Chapter 28 We Add the Bones
We Add the Bones
We have taken the leap, Harry. Pray that it will be enough. It must be enough.
It was midnight last night when we set to work.
A very dark, moonless night. For some reason those seem to be better for Georgiana’s illness.
She was by my side, and quite strong and lively as ever.
(Actually I have never seen her otherwise than strong and lively.
She takes great care to guard her illness from view.
The Darcy pride at work again, I suppose.
Never mind Pike’s suspicions.) It was storming, as well—a good thing we are having a stormy autumn!
A rapping at the window alerted us that Pike had arrived. I opened the window to him and let him climb down from the roof, sodden from head to foot. By the time he reached the floor there was a puddle beneath him.
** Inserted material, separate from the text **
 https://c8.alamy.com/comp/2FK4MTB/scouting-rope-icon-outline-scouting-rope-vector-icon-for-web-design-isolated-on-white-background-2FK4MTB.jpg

“You’re late,” I said to him.
“There was a line of carriages waiting to go home from the Lucases’ card party. I had to go through the woods so as not to be seen.” He examined his feet and growled. “Quite ruined my new boots, too. Why all this rigmarole, pray?” He offered a brusque bow to Georgiana. “Miss Darcy.”
“Mr. Pike.” She nodded.
“If this ‘rigmarole,’ as you call it, succeeds,” I said, “your dependence on me will be permanently at an end.”
That got his attention. “Then let us get on with it.”
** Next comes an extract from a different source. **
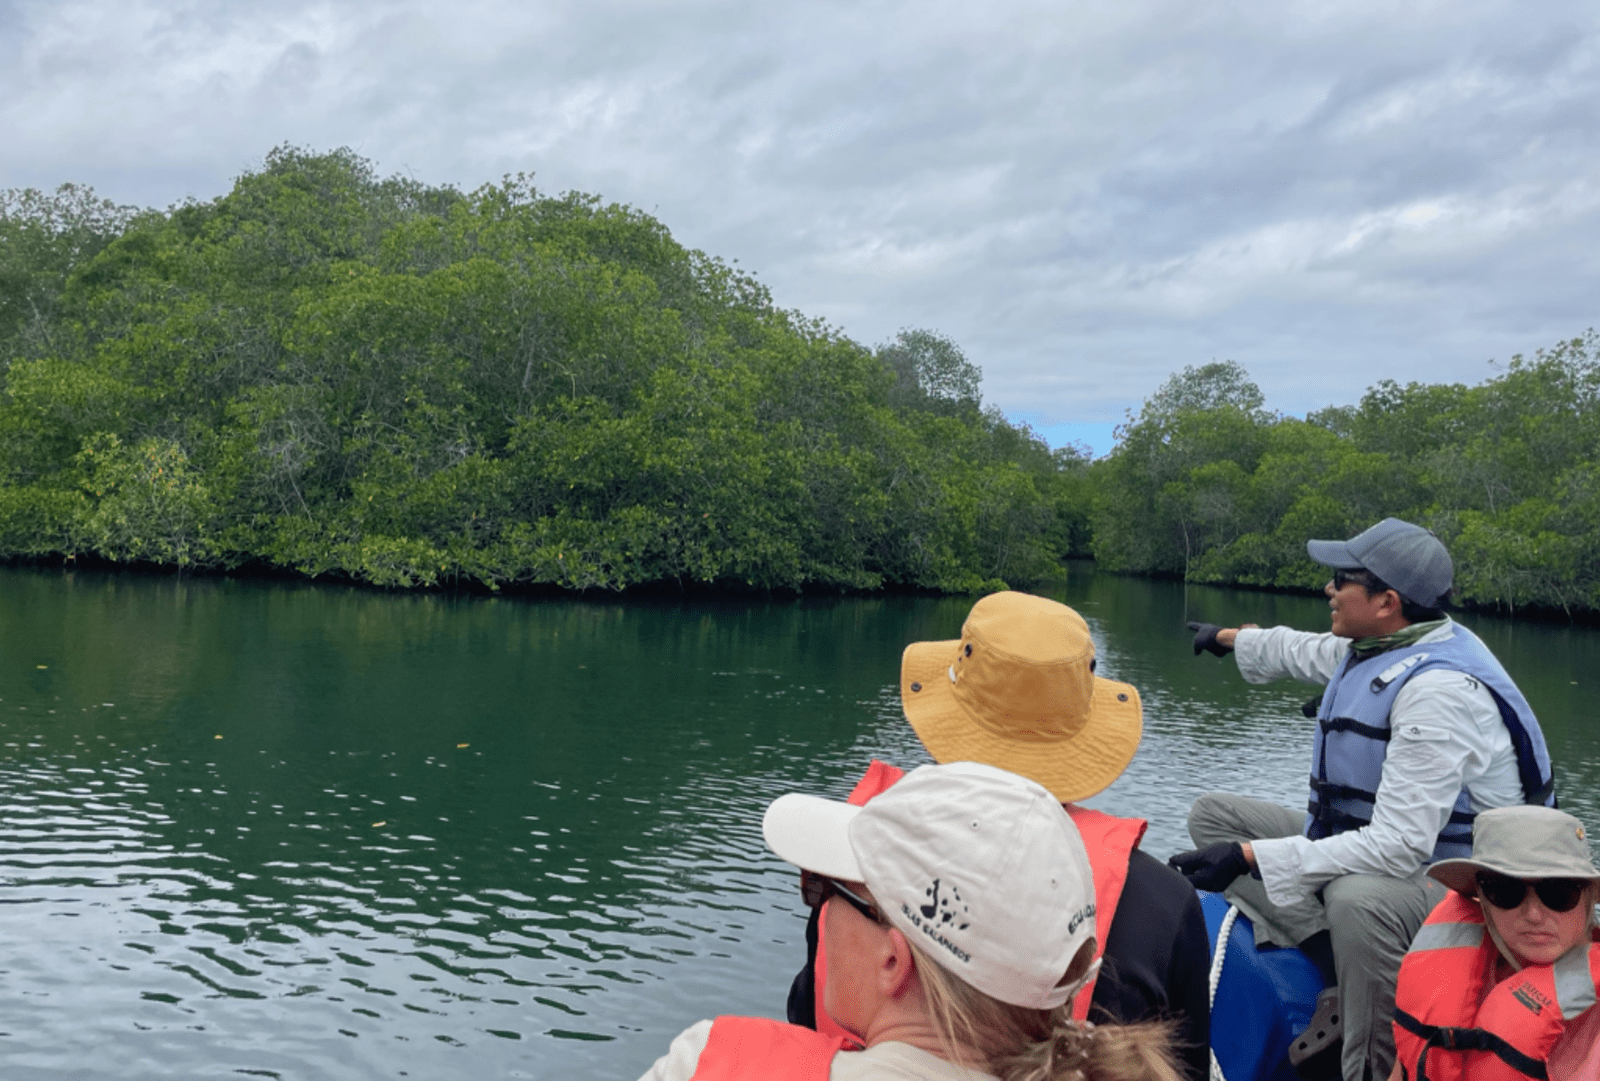 A group tour aboard a boat off the Galapagos Islands.

I waved a cup at him. It was a muddy blue color—the last of the blue extract, mixed with a few drops of the ruddy orange I got from Papa—that seemed to make Pike sleepy. “Medicine first.”
He took the cup and peered down into it. Then he made his way to the shelf and helped himself to several phials each of red and black. “For later,” he said.
Georgiana and I exchanged glances. “As you will,” I said at last. After all, if this went well, he would soon be free of both the need and the inclination for the stuff.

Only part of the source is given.